Conducting Multiple Imputation (MI):

  • Multiple Imputation (MI) using MCMC algorithms can be done using SPSS.
  •  Basic idea is to impute the missing variables one at a time, using the filled-in-value from one step as a predictor in all the subsequent steps. But you should decide which variables should be included to predict missingness and thus fill in the values on missing cases.
  •  SPSS uses linear regression for continuous variables, and logistic regression for categorical variables.
  •  Before start, incomplete variables must be defined as nominal or scale prior to imputation.
  • In SPSS, Analyze -> Multiple Imputation -> Impute Missing Data Values…
  • In Variables tab: Move variables to Variables in Model -> Select # of imputation in Imputations (e.g., 20) -> Choose imputed dataset name (e.g., imputed).

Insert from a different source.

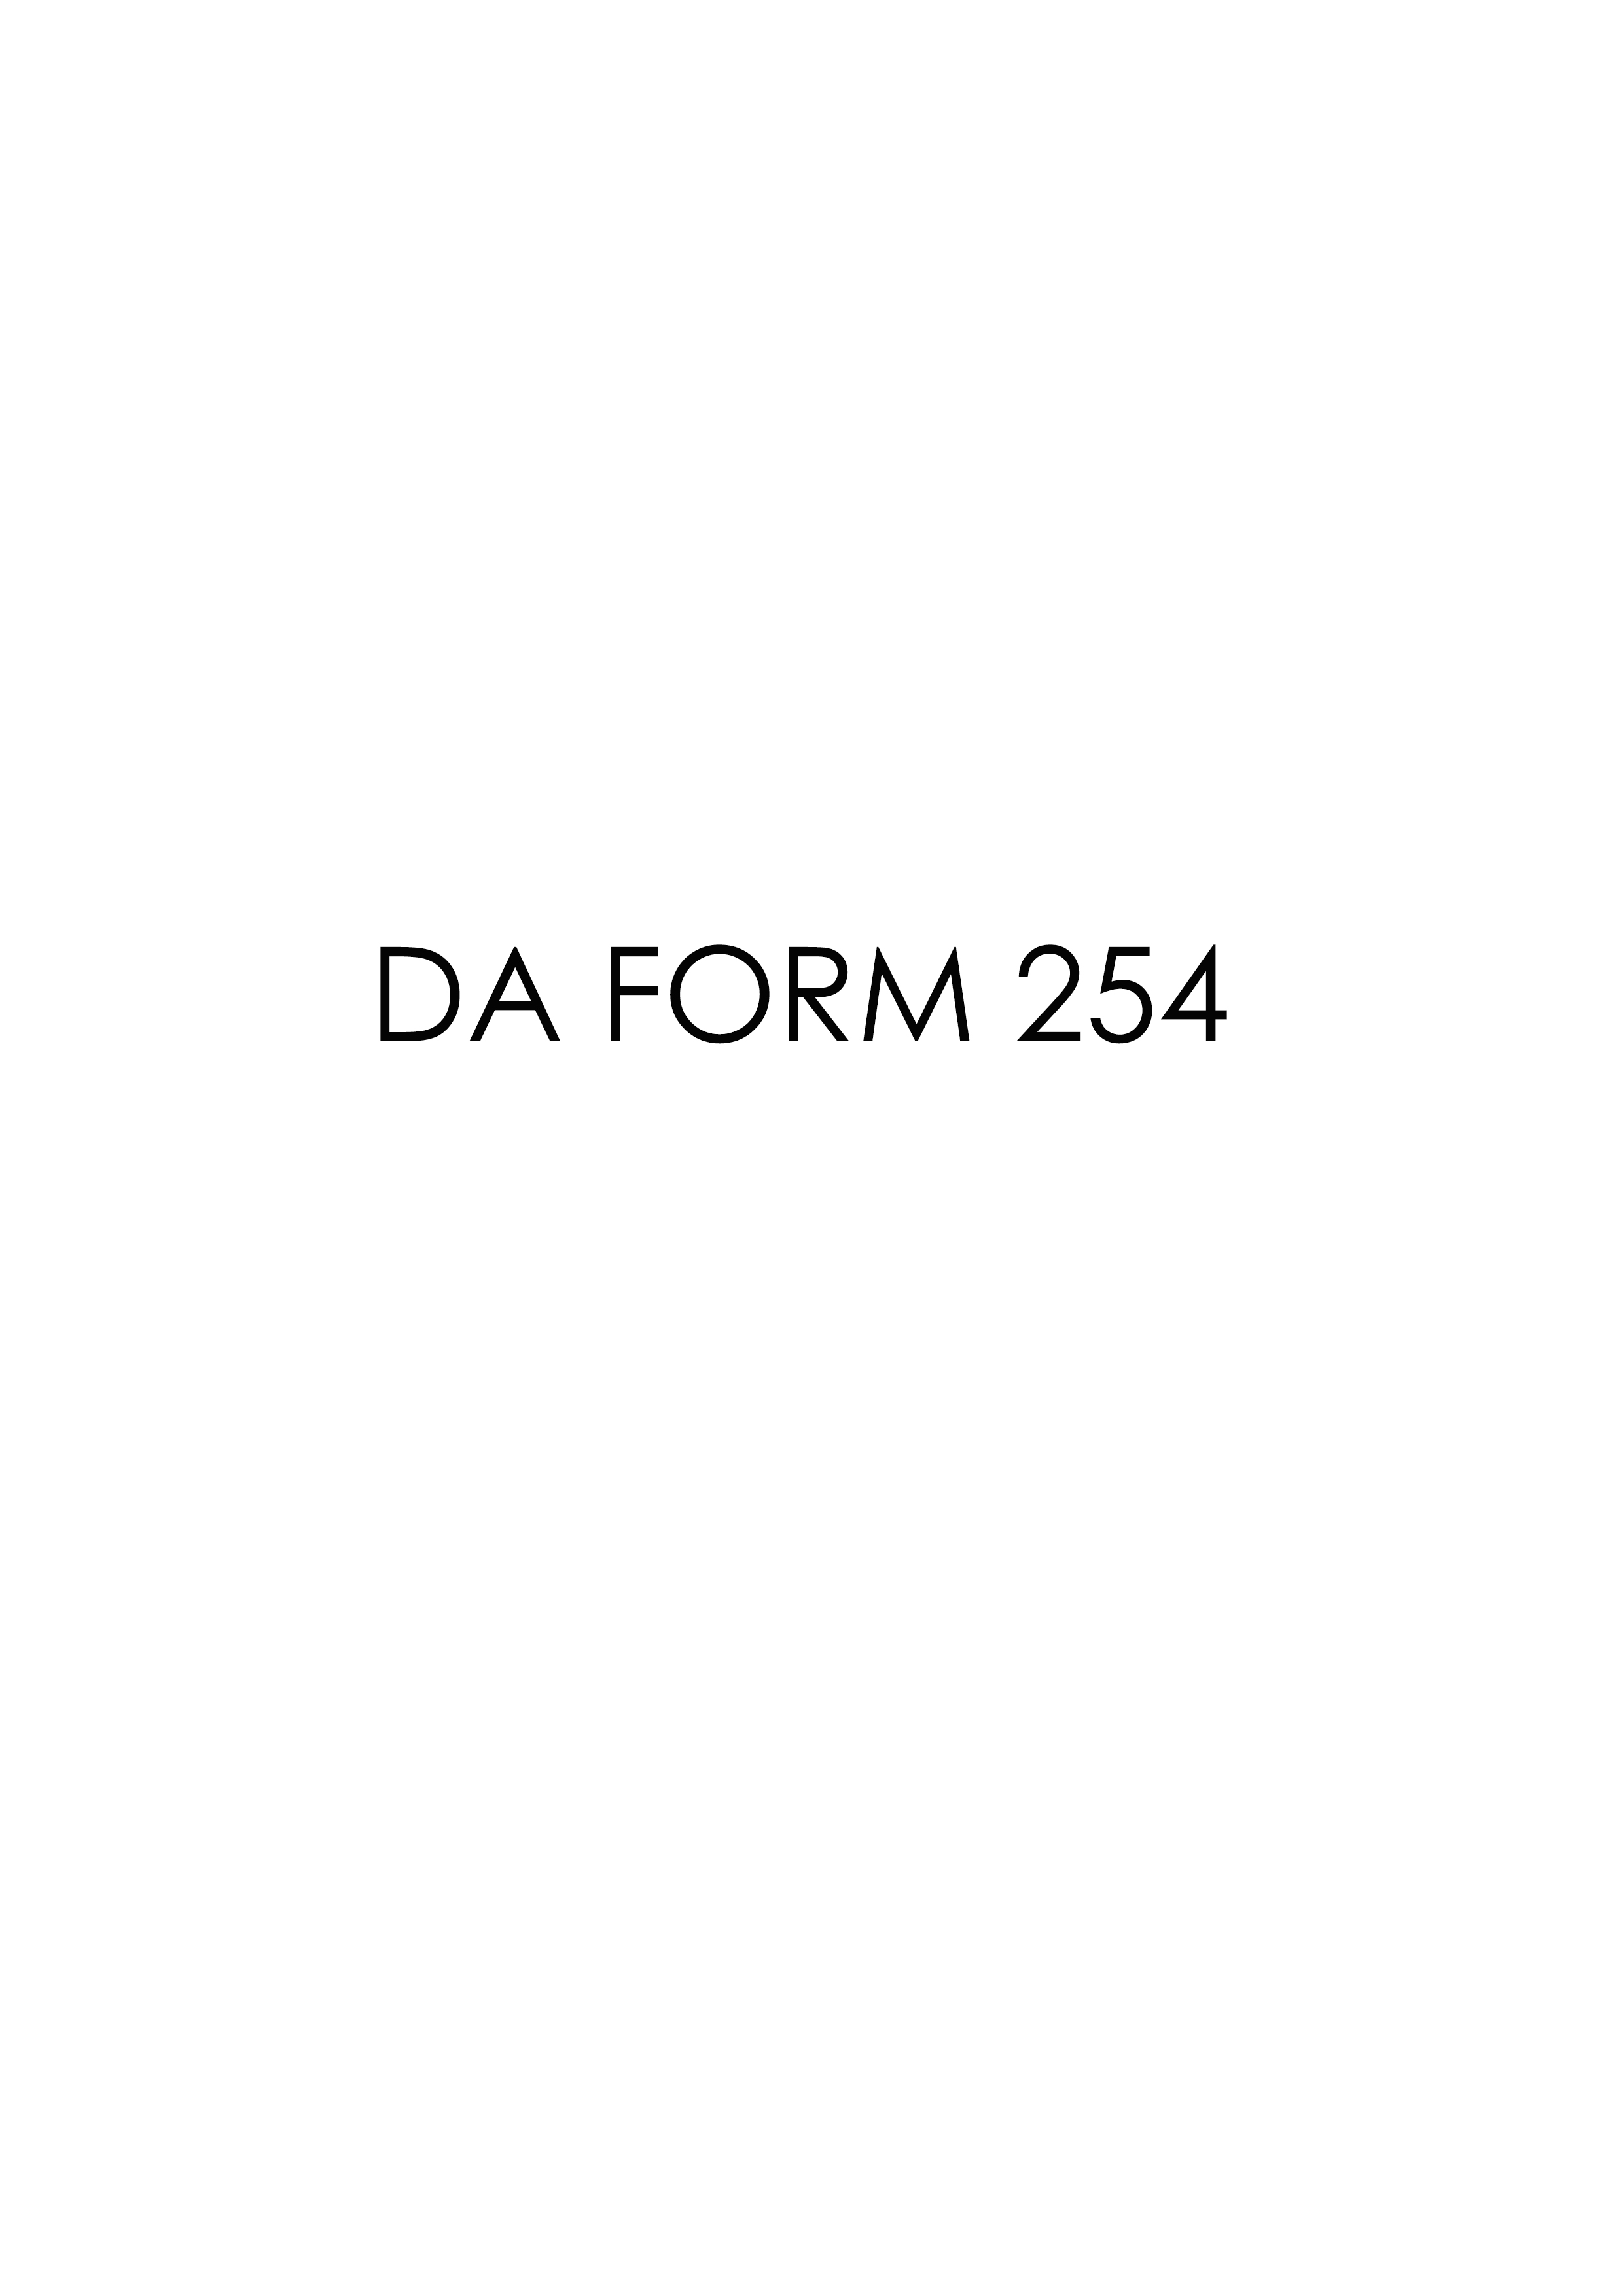 da Form 254 fillable
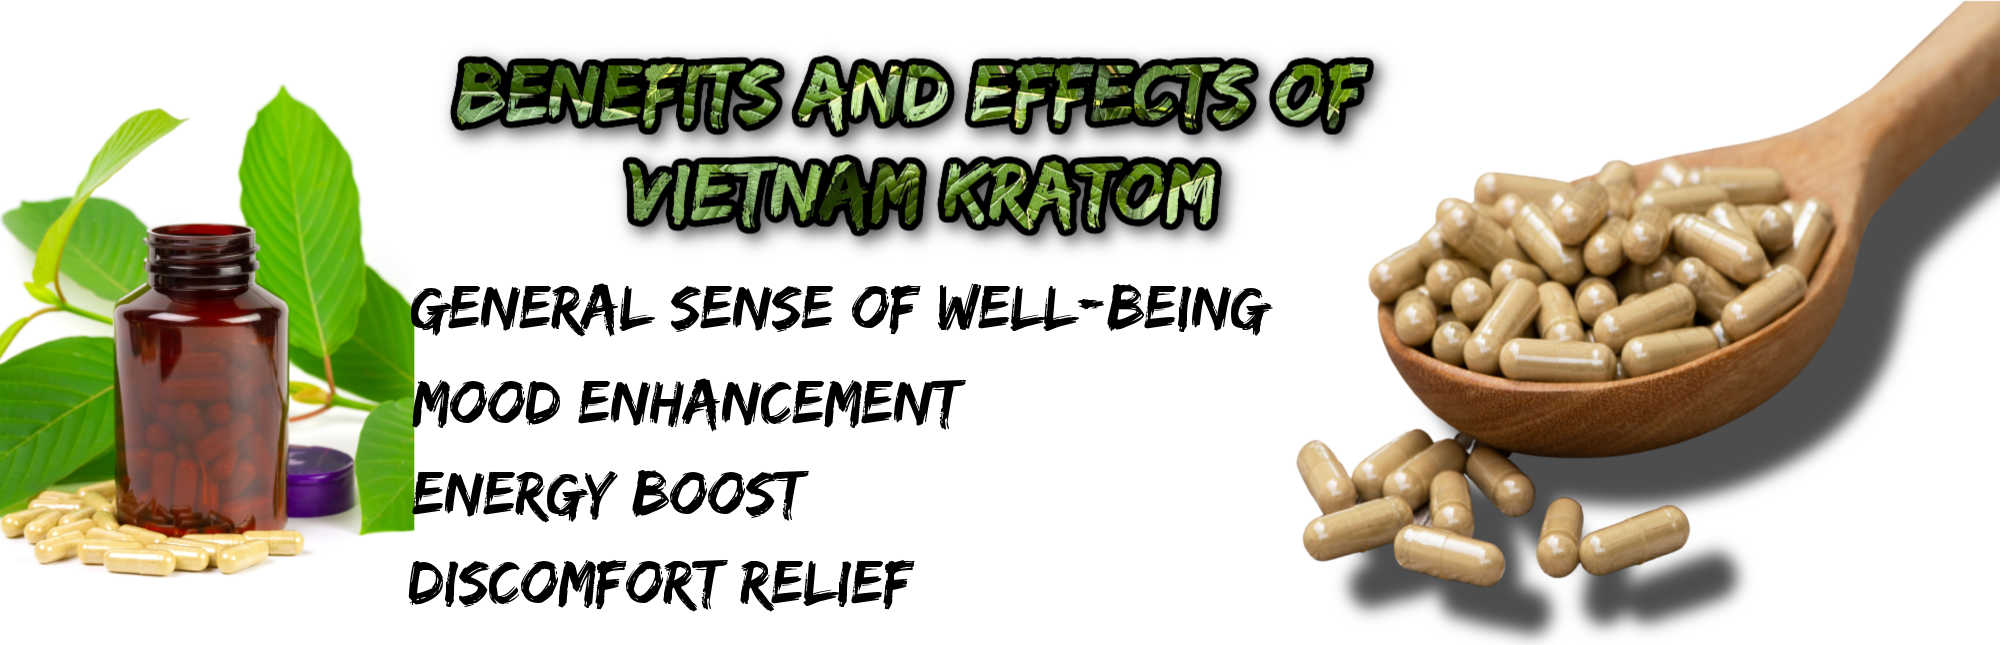 image of vietnam kratom benefits and effects

In Method tab, choose Custom -> Fully conditional specification (MCMC) -> Choose # of iterations Maximum iterations (e.g., 10)

  • Imputation output: SPSS stacks the imputed datasets into a single file as such
  • Split File and choose “Compare groups” option -> Move Imputation_ to Groups Based on… (Split file by Imputation_ and thus can run analysis by each imputation).
  • Run the subsequent analyses using the split dataset. For instance, let us suppose that our interest is to run regression predicting attdrug (Attitudes toward medication) by income and timedrs.
  • Run the subsequent analyses using the split dataset. For instance, let us suppose that our interest is to run regression predicting attdrug (Attitudes toward medication) by income and timedrs. The pooled estimates and standard errors appear at the bottom of table, when available (Note. analysis will provide the pooled estimates and standard errors).

Based on the regression results, we could conclude that timedrs is a significant predictor, and income is not a significant predictor p=.709.

From the above table we can see that the overall model is significant F(5, 105)=34.99, p<.05.